We fit a multiple logistic regression model (21) to determine whether pre-test probability could be combined with NT-proBNP and other covariates to predict AHF. Because of the very long right tails in the NT-proBNP distributions, we used the common logarithm of NT-proBNP values in the regression model, which “pulled” the extreme values closer to the rest of the data. Incorporation into a post-test model for AHF was performed by expressing the regression model on the probability scale by the inverse logit transformation. The concordance index or cstatistic (equivalent to the area under an ROC curve) was calculated as a measure of discrimination and the bootstrap method was used to validate the model for overfitting (R Language 2.5.0, Design Package Version 2.0-12, R Foundation for Statistical Computing, Vienna, Austria).

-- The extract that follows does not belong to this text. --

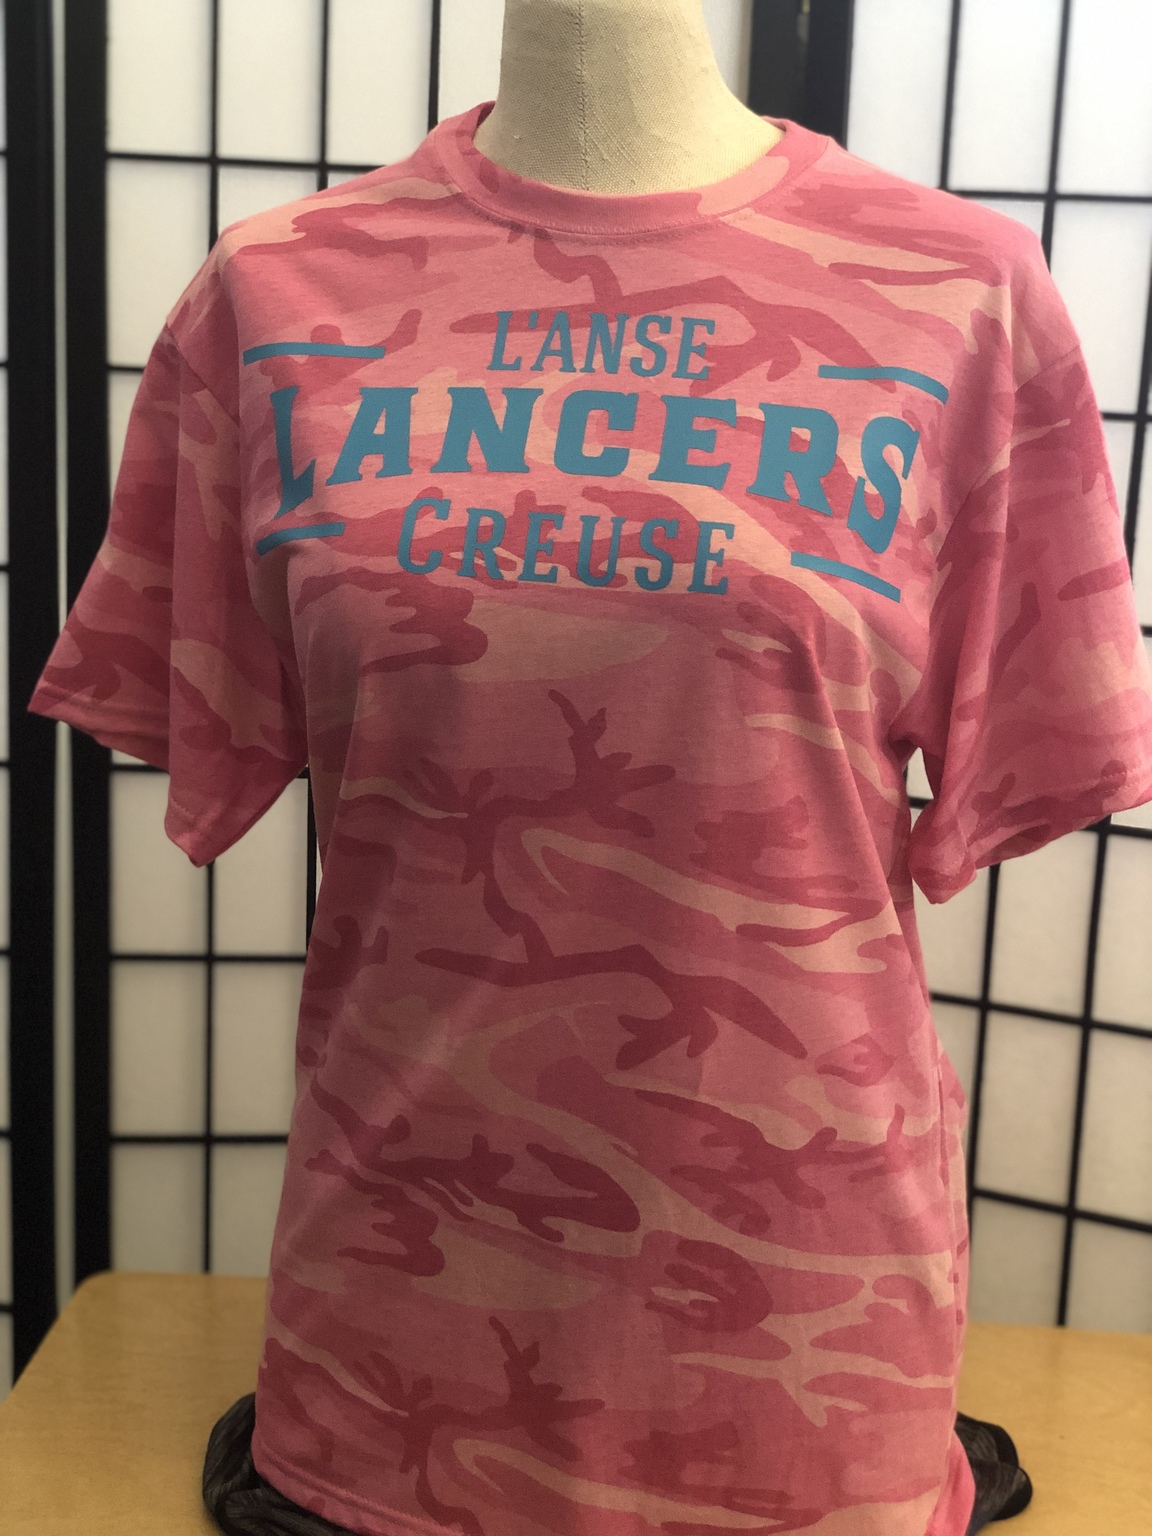 L'Anse Lancers Creuse blue with lines

The calibrated model was examined on an external data set from the prospective American PRIDE (N-Terminal Pro-BNP Investigation of Dyspnea in the Emergency Department) trial of 573 undifferentiated dyspneic ED patients (6). The inclusion/exclusion enrollment criteria and methodology were similar to our IMPROVE-CHF (Improved Management of Patients With Congestive Heart Failure) study. These patients were compared with the IMPROVE-CHF cohort by the use of the ttest for age and the Wilcoxon rank sum test for pre-test probability and NT-proBNP variables. All p values were 2-sided, with values <0.05 considered significant. The percentage of PRIDE patients appropriately redirected was determined as was analysis of model improvement.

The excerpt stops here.